Пилот пожал плечами.

— Трудно сказать, шеф. Возможно, мальчик разговаривал в горячке. Если уже индейцам не под силу установить картину убийства, то наврядли, чтобы это удалось кому-то другому. Туземное население сельвы чудесно ощущает таинственные движения окружающей жизни. Когда-то индейцы редко ошибались, отгадывая тайны своей земли. Люди были частицей природы и остро реагировали на меньшее отклонение от обычного, устоявшегося. Если бы даже дерево засохло раньше, чем оно должно было зачахнуть по законам природы, и то индеец нашел бы, в чем причина. В наше время люди принесли даже сюда, в джунгли, много такого, перед чем интуиция бедного индейца просто беспомощна, а его опыт временами сводится на нет.

Отец молчал, будто прислушался к стуку дождевых капель в окно.

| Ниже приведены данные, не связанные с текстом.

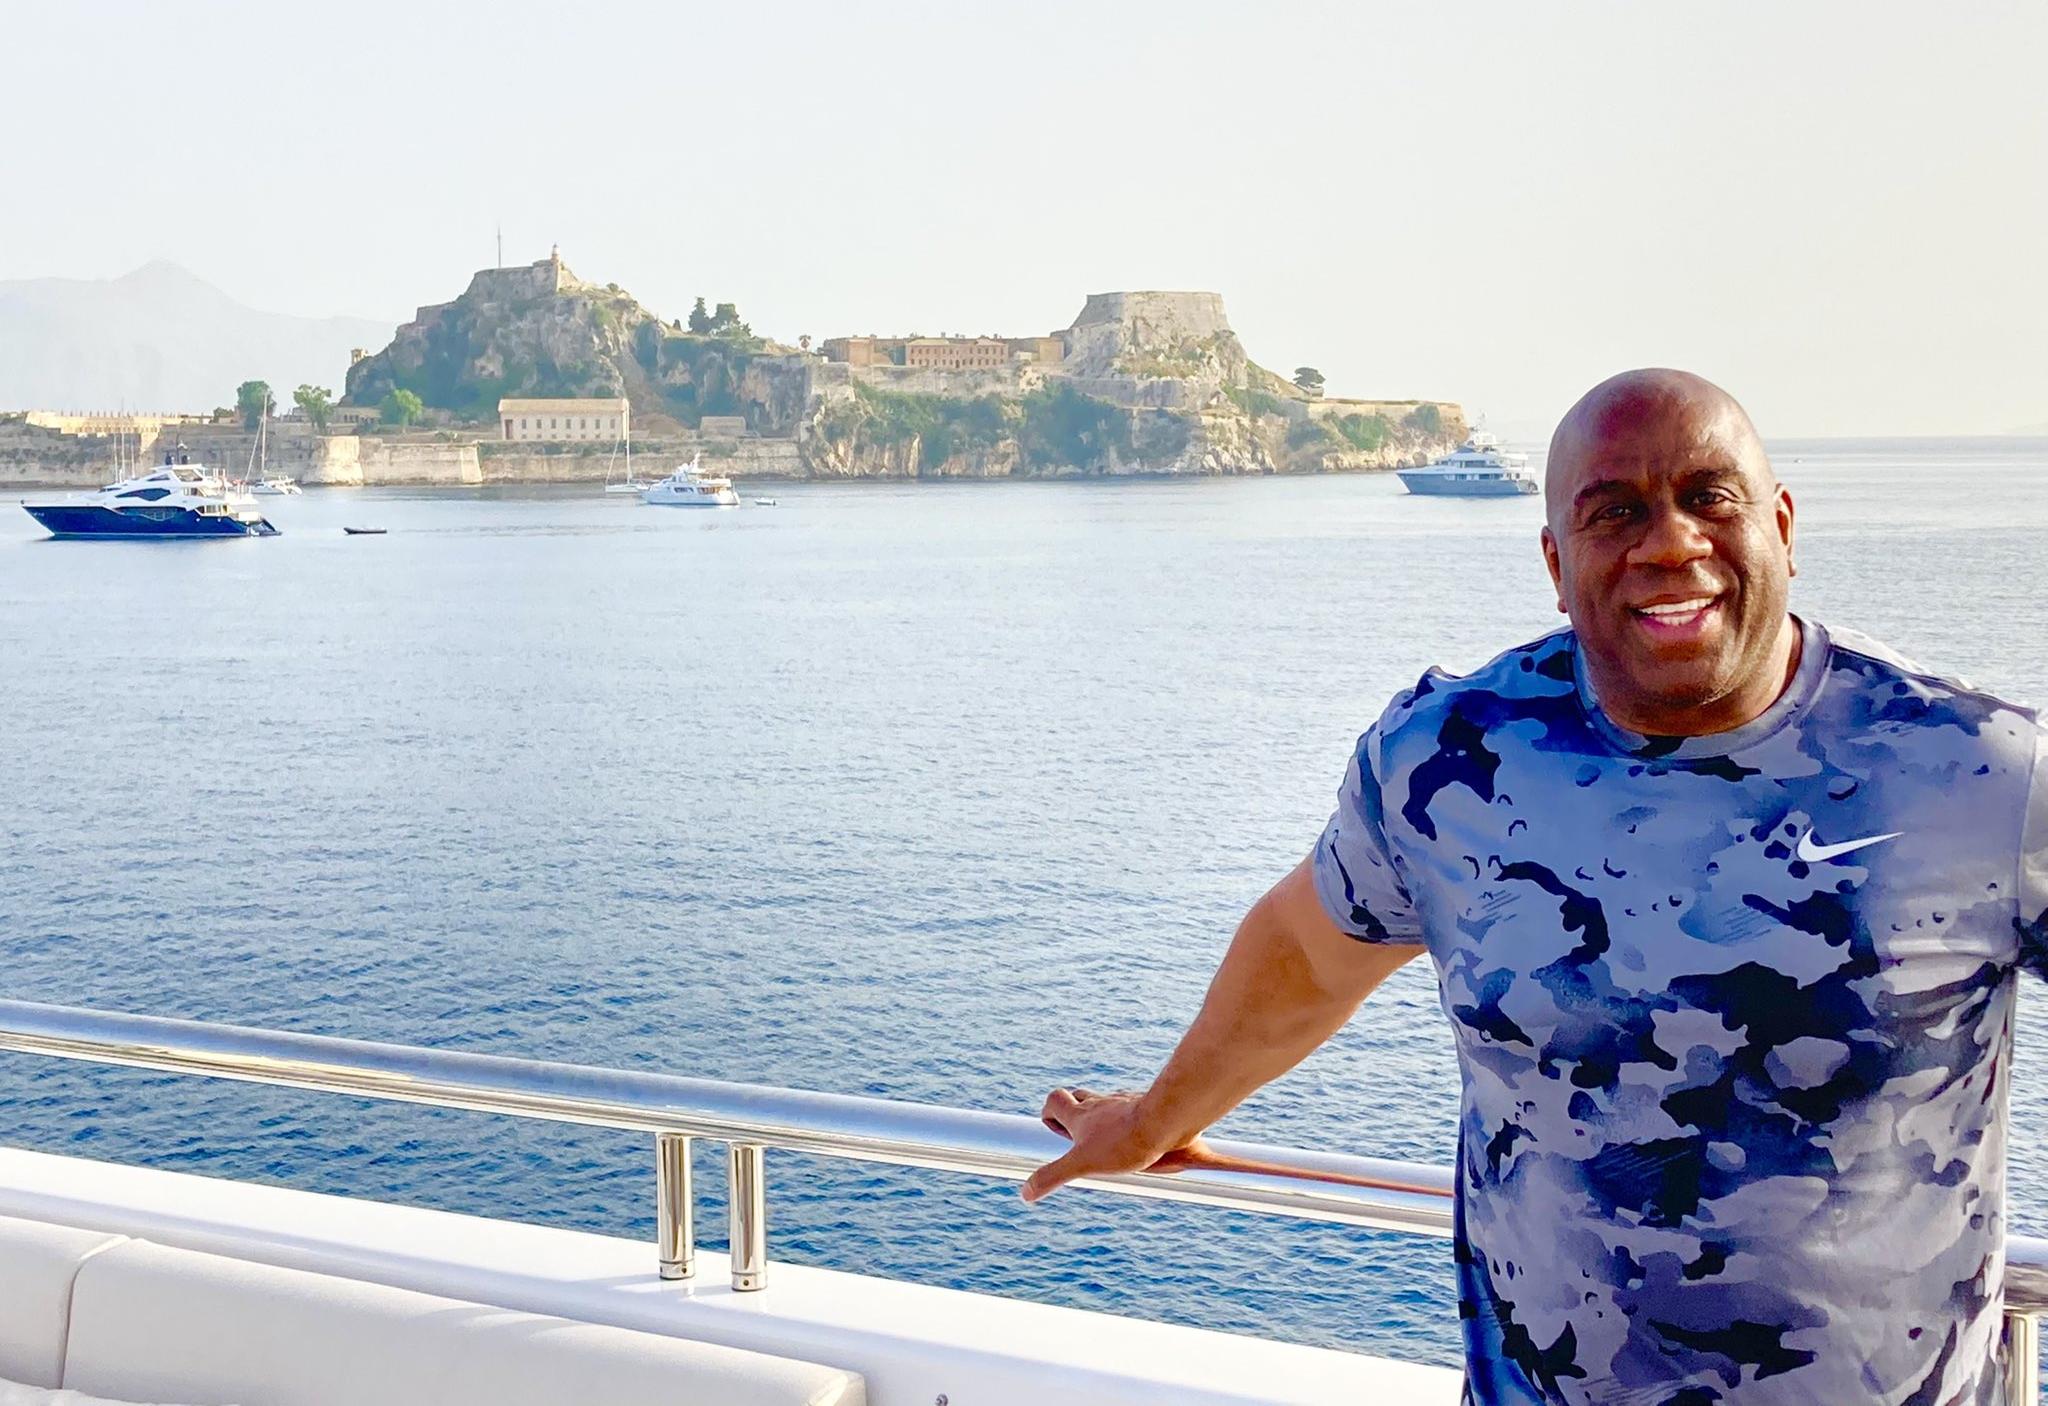 Στην Ελλάδα ο Μάτζικ Τζόνσον: Ανέβασε φωτογραφίες και video από τις διακοπές του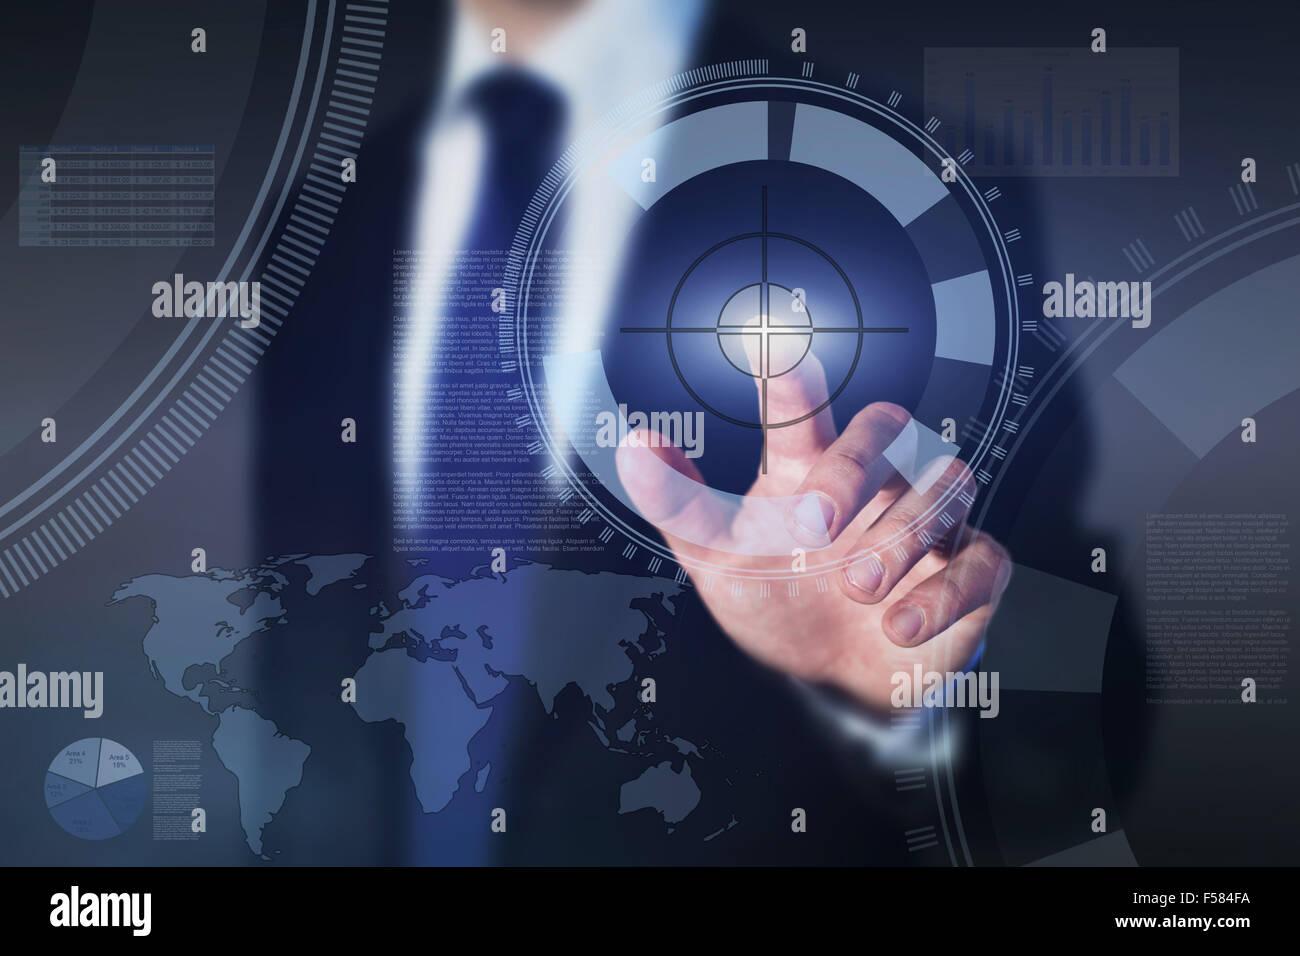 La gestion d'entreprise réussie, concept abstrait Photo Stock

Еще раз налил рюмки.

— Вы собираетесь идти, сеньор Аугустино? Я хочу попросить вас задержаться на полчаса. Мне нужна ваша консультация.

— Я к вашим услугам, шеф.

— Мой вопрос может сдаться вам нетактичным, но поверьте, это важно. Или вы хорошо знакомы с историей этого края?

Лицо пилота на миг напряглось, а в глазах промелькнуло любопытство.

— Шеф, я больше понимаю в том, как поднять в воздух машину. Большого образования я не получил, и я к нему и не рвался. Закончил авиационную школу в Лиссабоне. Вот и все. Меня носило по Африке, я летал на Среднем Востоке и над Европой. Сюда возвратился недавно, так что где в чем могу и ошибиться. Но я здесь вырос, в джунглях провел юношеские года. Если не лезть в дебри истории…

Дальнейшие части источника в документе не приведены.